Beyond the structural importance of bridging ties, Ohlemacher [23] argued that they are vectors for social heterogeneity, linking a variety of people with different values, experiences and socio-structural background. Even though some studies claim that network heterogeneity decreases individual political participation due to “cross-pressures” [26], more recent studies [6, 18] showed that political and social diversity foster political participation. Diverse networks and exposure to disagreement encourage individuals to reevaluate their knowledge and learn about alternative perspectives.
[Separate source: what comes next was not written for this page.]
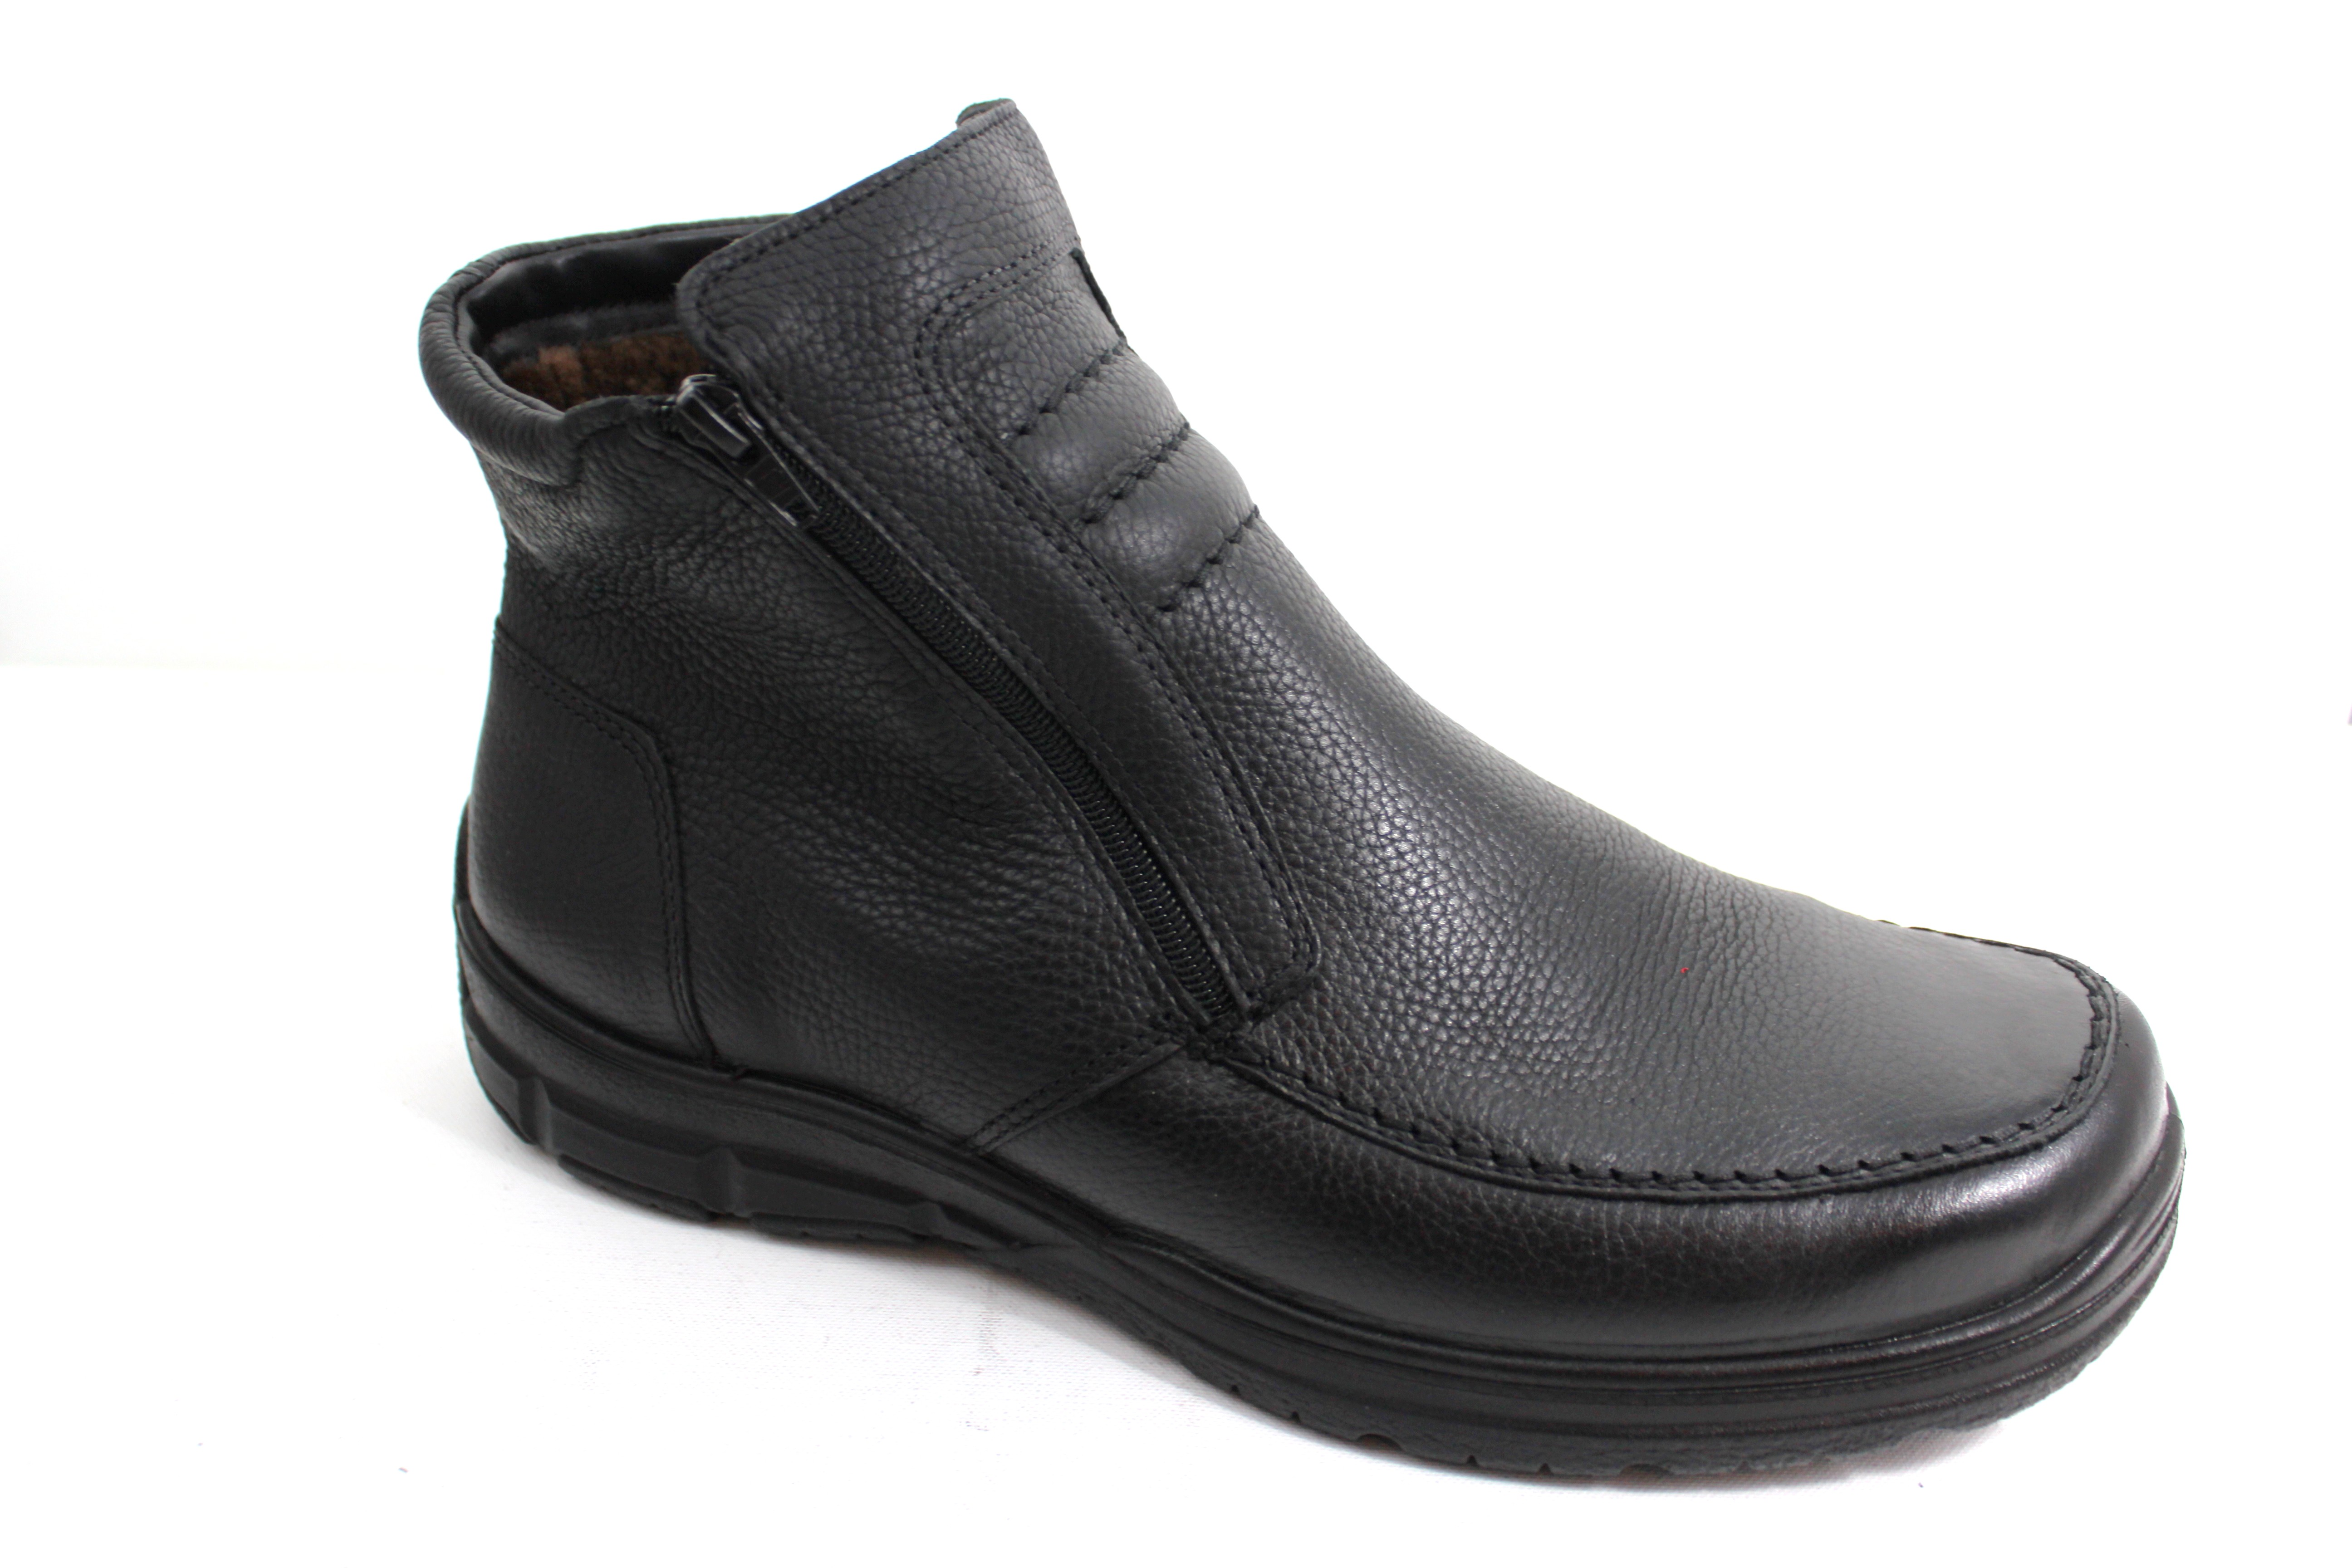 toscanini schuhe in ber und untergr en warmer boots 17001014 j 416501. Black Bedroom Furniture Sets. Home Design Ideas

This research aims to investigate the relationship between the level of political participation of individuals and their position in the network. As explained in the Context section, the studied rural municipality is more accurately described as a village rather than an urban city. Consequently, we expect the network to be dense, reflecting a social environment where ‘everybody knows everybody else.’ However, given that our data concerns specific organizations and that individuals likely interact more frequently with members of their own organization, we expect a community structure within the hypergraph. Based on the previous conceptual discussion, we propose the following hypotheses:

1. H1: The hypergraph has a community structure based on the structure of the organizations.
2. H2: People located at the interface of these communities have more access to local politics.

Now that we have set the groundwork for the sociological conceptual framework of our study, let us emphasize the choice of using hypergraphs for modeling social interactions. In our case, face-to-face interactions correspond to individuals participating in the same activity. To model these interactions, a natural representation is a hypergraph rather than a graph, since the activities under consideration possibly involve more than two individuals. Unlike traditional graphs, hypergraphs offer the possibility to represent hyperedges linking more than two nodes. Projecting this network into its clique expansion by artificially creating links between each pair of nodes present in a given hyperedge results in an intentional loss of information.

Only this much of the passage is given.